A Multicenter Study of 239 Patients Aged Over 70 Years With Diffuse Large B-Cell Lymphoma in China

Background: Diffuse large B-cell lymphoma (DLBCL) is the most common aggressive lymphoma subtype worldwide and occurs frequently in the elderly population. However, there are limited data on the clinical profiles of patients with DLBCL over 70 years of age. Our objective was to summarize the clinical characteristics, treatment strategies and survival outcomes of this population in China.

Methods: This multicenter retrospective study was conducted in China from January 2012 to July 2020 to investigate the clinical characteristics and survival outcomes. A total of 239 patients with DLBCL aged over 70 years underwent pretreatment evaluations, treatment, and follow-up at local hospitals. The primary endpoints were the progression-free survival (PFS) and the overall survival (OS) rates at 2 years. Secondary endpoints included median PFS and OS, the estimated PFS and OS rates at 5 years, and adverse events during treatment.

Results: With a median follow-up of 50 months (range, 1–102 months), the 2-year PFS and OS rates were 53.0% and 65.5%, respectively. The median PFS and OS were 42.1 and 96.4 months, respectively; and the estimated 5-year PFS and OS rates were 44.7% and 56.1%, respectively.
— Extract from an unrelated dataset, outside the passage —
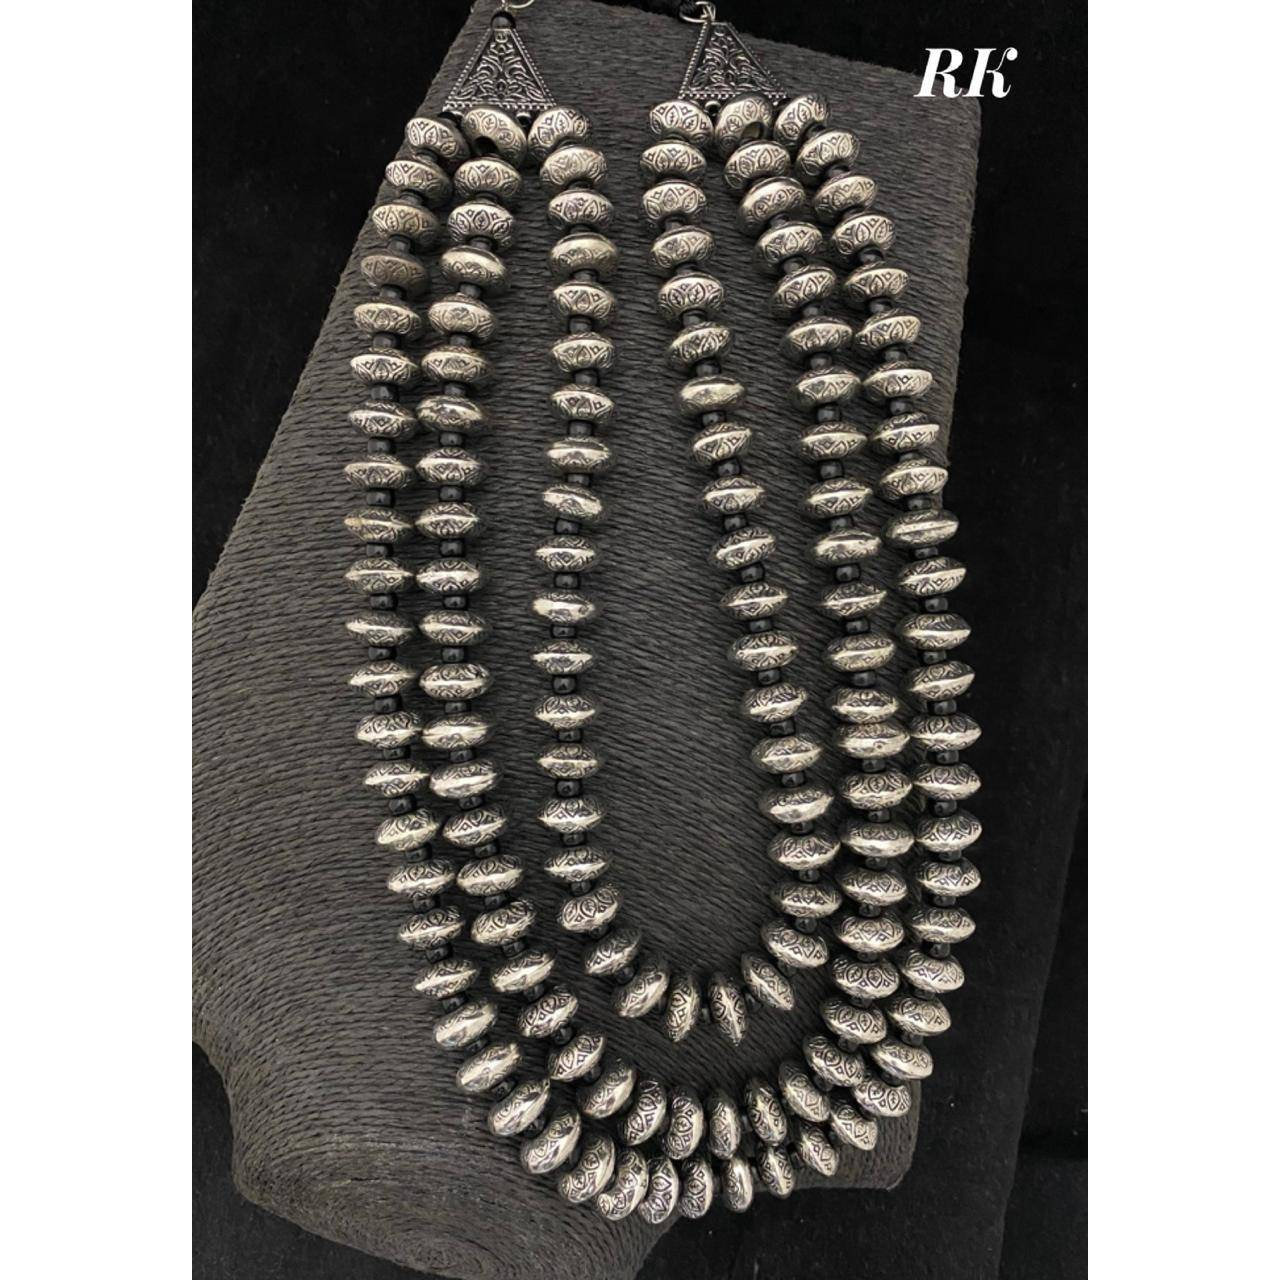 Multi Layer Oxidized Necklace | Indian Ethnic Jewelry | Oxidized Jewelry, statement jewellery, silver black jewellery, boho tribal jewelry

Hematological toxicities were the most common adverse effects in this study, accounting for 90.4%; and leukopenia was the most frequently observed ≥ grade 3 event. Furthermore, we found that regimens without rituximab and chemotherapy cycles < 6 were significantly associated with worse survival. Additionally, in the 70–80-year group, reduction in chemotherapy dose was associated with a significantly shorter OS, with a 2-year OS rate of 74.4% in the full dose group, compared to 67.1% for the decreased-dose group (p = 0.044).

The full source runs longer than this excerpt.